Bowling, genocide and one man's strange blimp dreams: A new wave of documentaries offers great tales and impressive variety.
May 25, 2005 | As Walter Ray Williams Jr. surveys the inadequately oiled surfaces of New York's Bowlmor Lanes, he is not pleased. He can tell, he says in a confidential tone, that no serious bowling occurs in this venerable Greenwich Village establishment. He's right, of course. Bowlmor is mainly a site for kids' birthday parties by day and retro-hip cocktail hangout parties by night, rather than a temple for serious practitioners of America's most popular recreational sport.
"This is entertainment bowling," Williams sighs as we watch a guy in a fake-'70s polo shirt roll at -- and miss -- a 2-4-7 spare. "To a professional like me, that's just sad."
Why am I hanging out with a bowling legend, one of the Professional Bowlers Association's biggest stars over the last 20 years, in the middle of a Tuesday afternoon? Because I write about independent film, that's why.
As other critics have begun to notice, the default setting for indie films these days is basically nonfiction. It's increasingly rare for a conventional scripted drama or comedy, when released by a small distributor without significant promotional dollars, to break out of its tiny niche audience, absent extraordinary word of mouth. (We'll have to wait and see whether Arnaud Desplechin's "Kings and Queen," the best and most adventurous film I've seen in the last two years, can accomplish that.)
As I've written previously, I'm unsure whether to call this new wave of nonfiction films, following the trail blazed by Michael Moore and the makers of "Spellbound," documentaries. Most are a long way from the cinéma-vérité strictures of Frederick Wiseman and the Maysles brothers. Instead, they tend to be carefully structured entertainments whose characters exist in the real world, with a sensibility and craft drawn more from cable TV than the stringently gritty documentary tradition.

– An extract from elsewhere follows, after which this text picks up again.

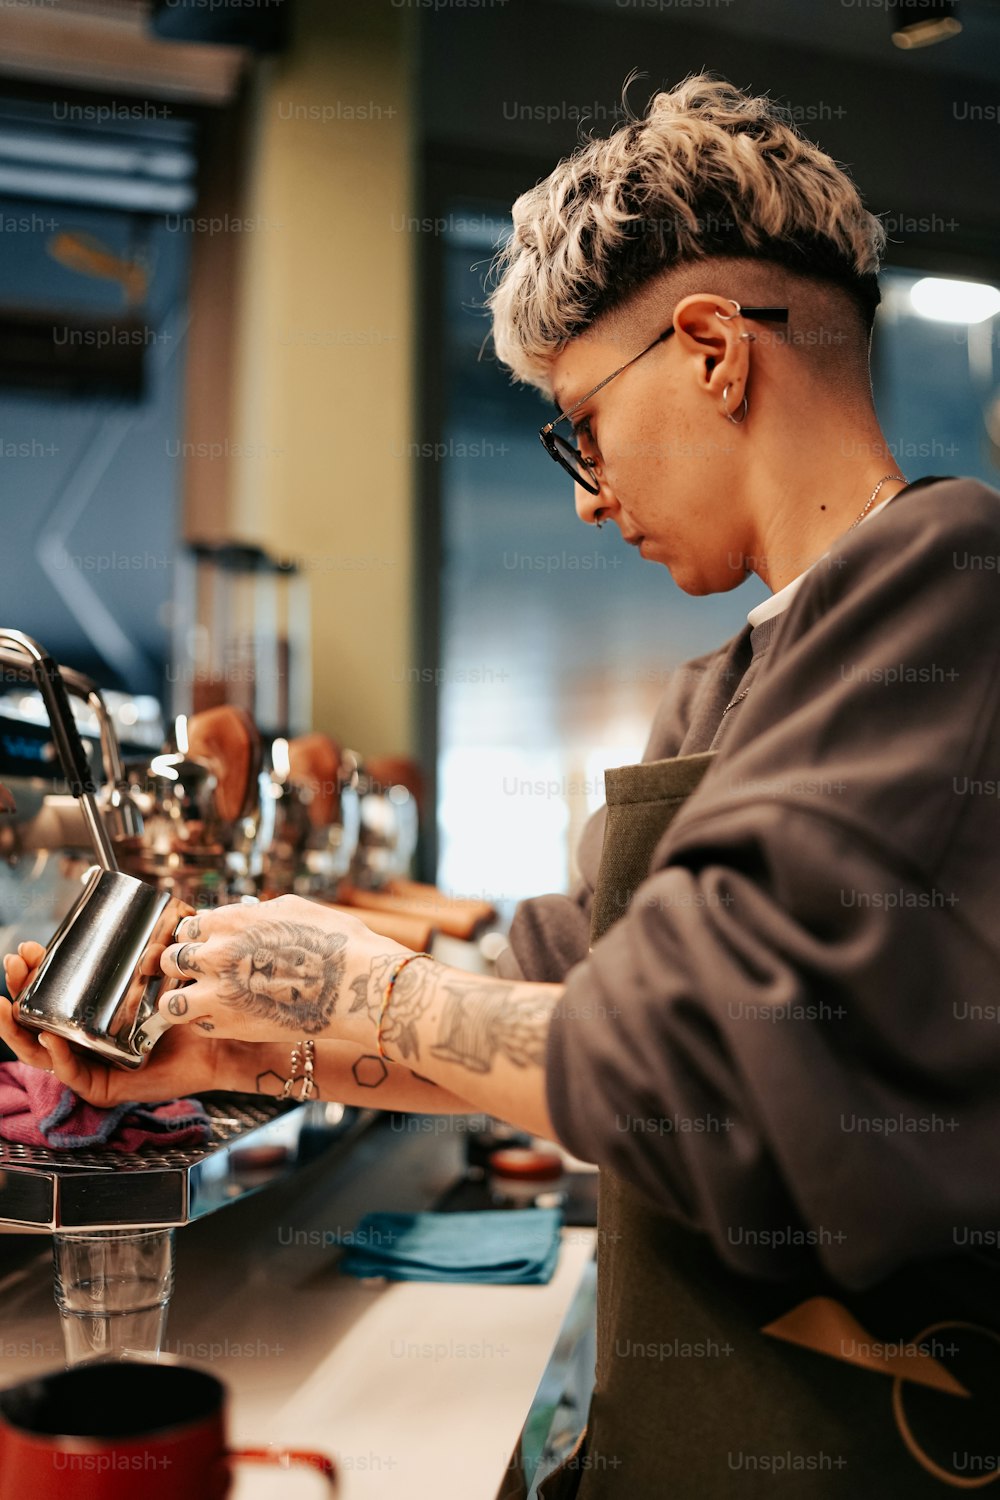 a woman with a tattoo on her arm is filling a cup of coffee

One thing these movies definitely offer is impressive variety. It shouldn't be shocking to learn that films about real people can be as different from each other as the people are, but the documentary genre -- or whatever you want to call it -- has definitely broken free from its earnest political-ethnographic origins. In addition to "A League of Ordinary Gentlemen" (the film in which Walter Ray Williams plays a starring role), this week also offers a troubling return to Rwanda, 10 years after the genocidal massacres there, and Werner Herzog's latest poetic and tragic voyage into the South American jungle with a fallible, doomed dreamer (who isn't even him).

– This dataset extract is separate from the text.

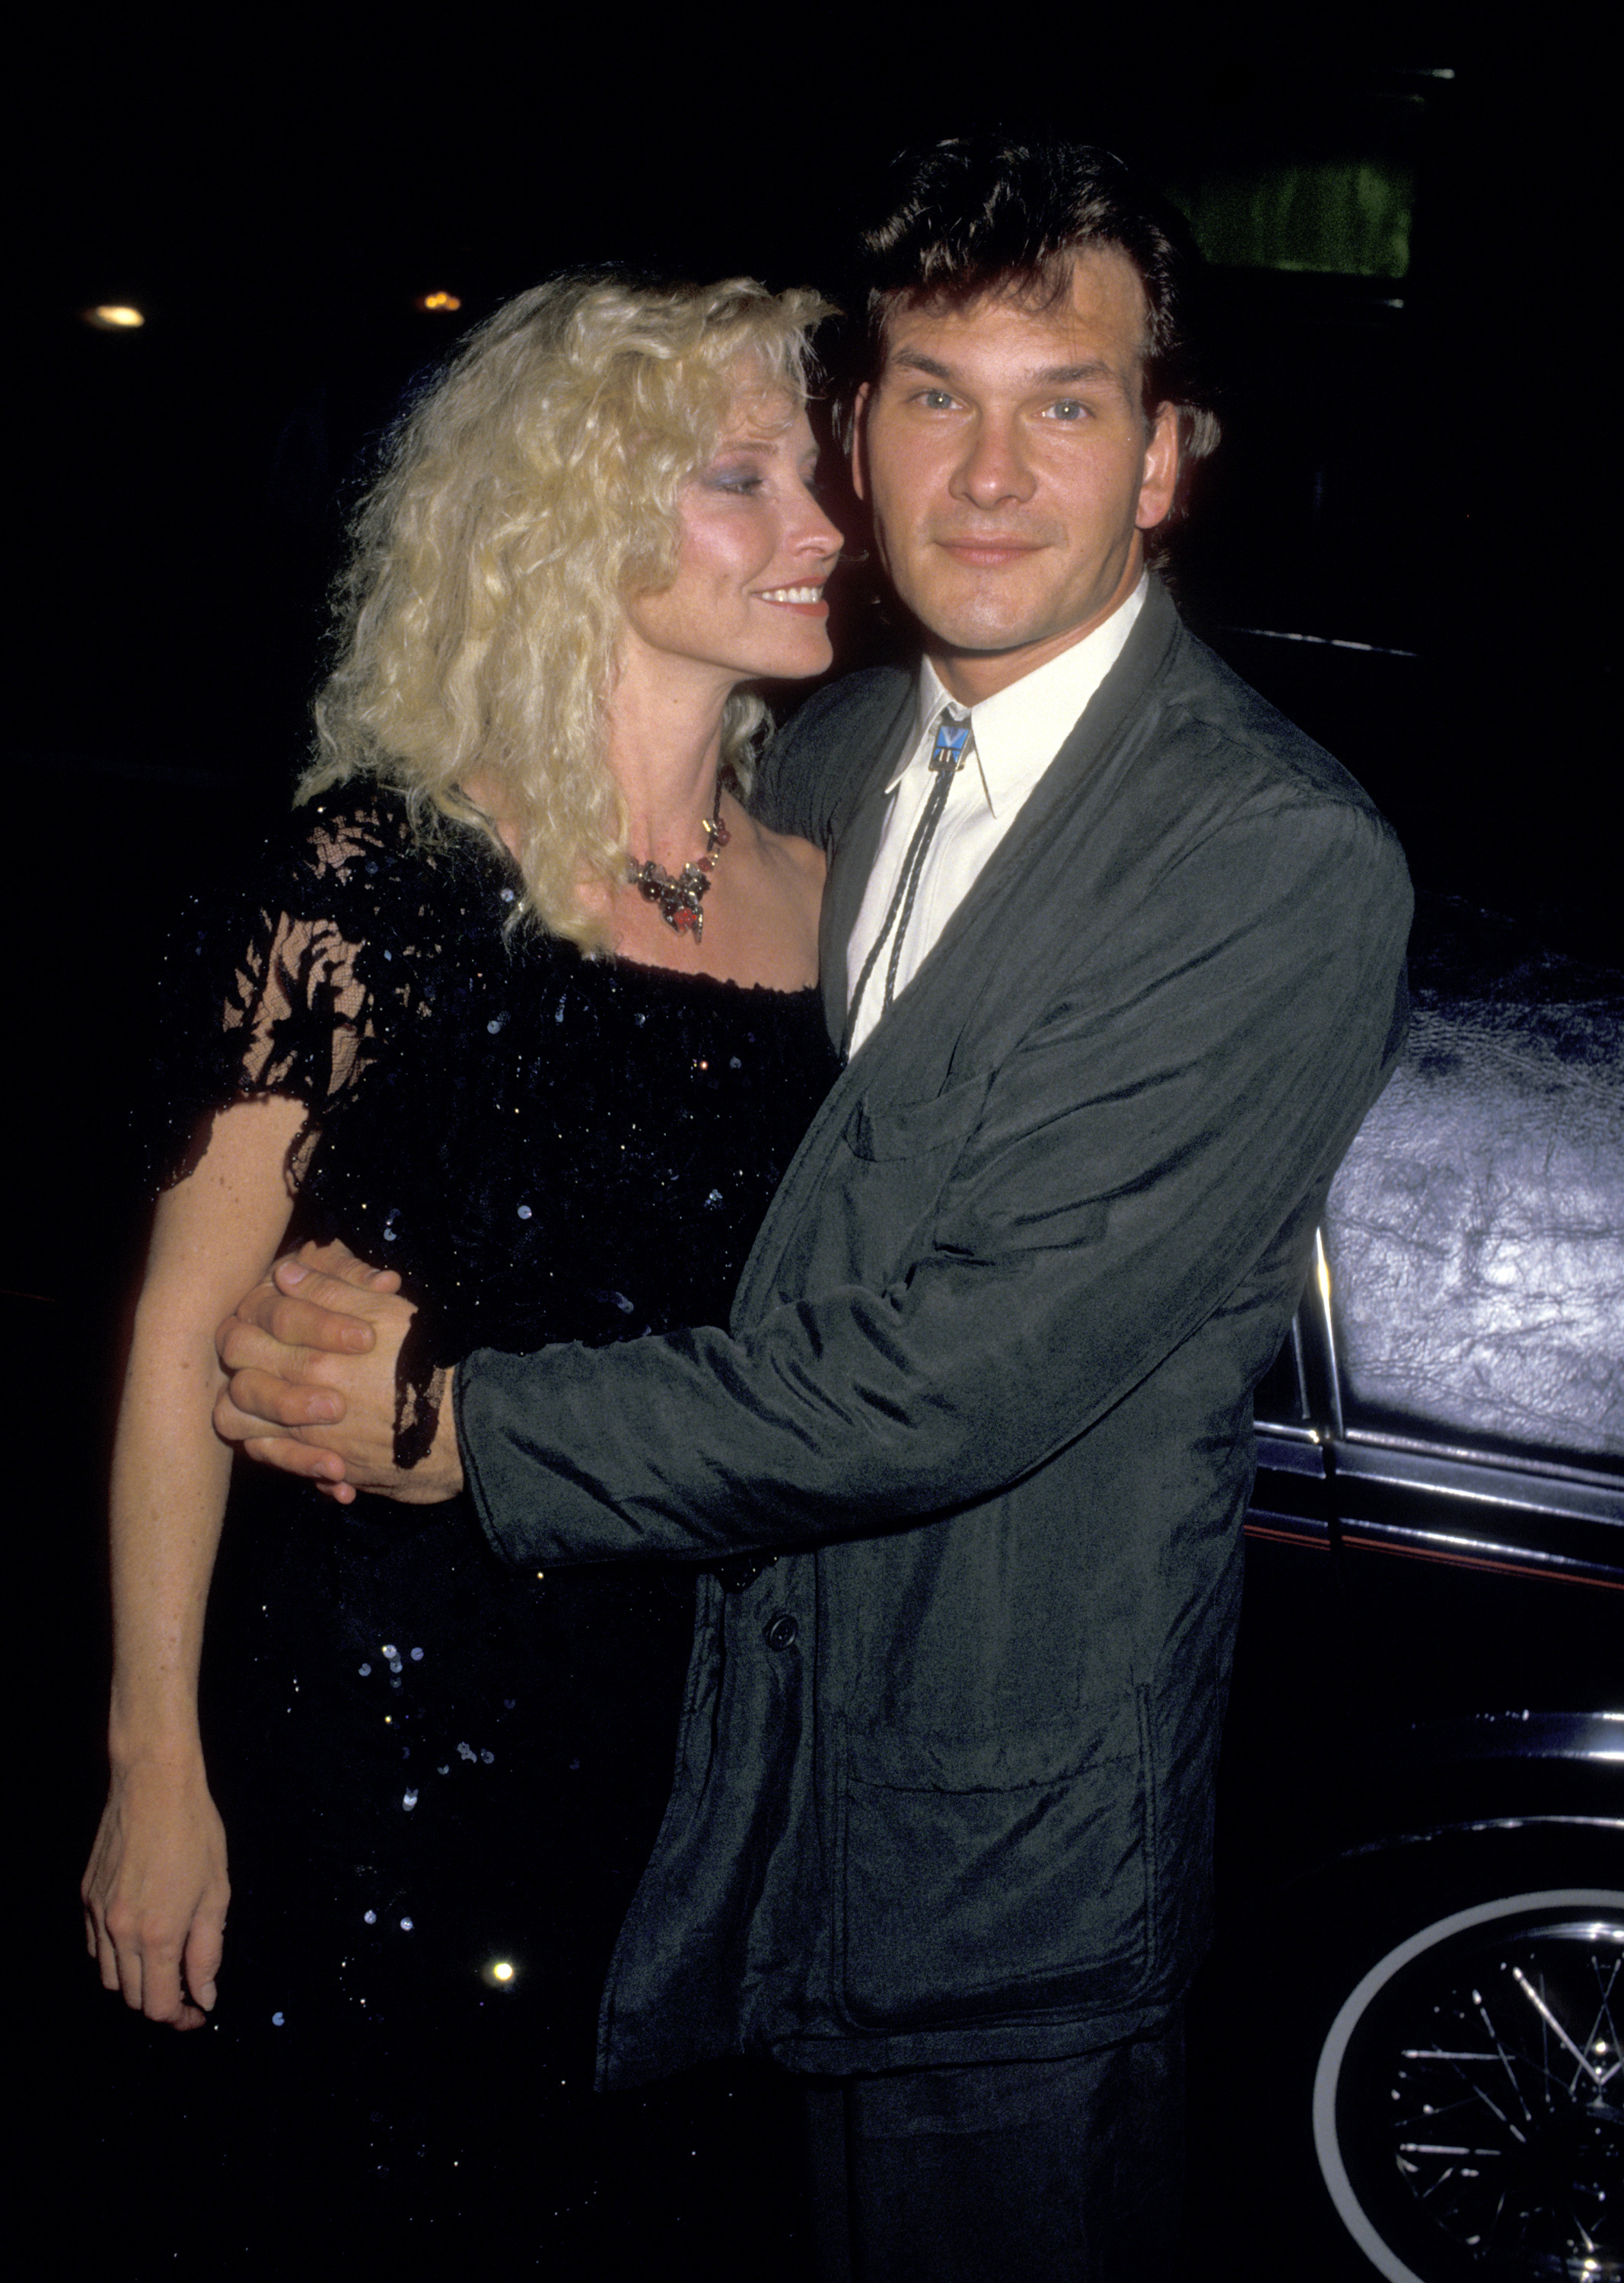 Lisa Niemi and Patrick Swayze at the premiere of "Dirty Dancing" on August 17, 1987 at the Gemini Theater in New York City | Source: Getty Images

"A League of Ordinary Gentlemen": The fall and rise (sort of) of pro bowling
A couple of hours after competing in the finals of the Professional Bowlers Association's world championship, Walter Ray Williams Jr. is on top of his motor home with a shovel, trying to chip off enough ice so he and his wife can set out for Florida. That about sums up the portrait of the pro bowling world in Chris Browne's audience-pleasing film "A League of Ordinary Gentlemen," which follows the PBA's 2002-03 season as the league and its bowlers try to crawl out of the entertainment industry's basement.
If you're somewhere north of 30, you probably remember when bowling was a quasi-major television sport, with Saturday afternoon broadcasts hosted by ABC's genial Chris Schenkel and a gallery of stars who looked like your neighborhood's dads -- and, as the '70s and '80s progressed, like your neighborhood's mullet-head muscle-car drivers. In 1997, the PBA was driven off the air after years of declining ratings, and while bowling has rattled around the weekend schedule of ESPN since then, the league came close to folding entirely.
In 2000, the PBA was purchased lock, stock and lane oil -- along with, most importantly, its mounting debt -- for $5 million by a trio of former Microsoft executives. They installed Steve Miller, a marketing guru whose résumé included Nike and the National Football League, as the PBA's CEO, with an eye toward solving bowling's demographic crisis. While recreational bowling remains hugely popular, especially in the heartland, pro bowling has near-zero advertiser appeal and not much coolness among the ardently desired market slice of males aged 18 to 35.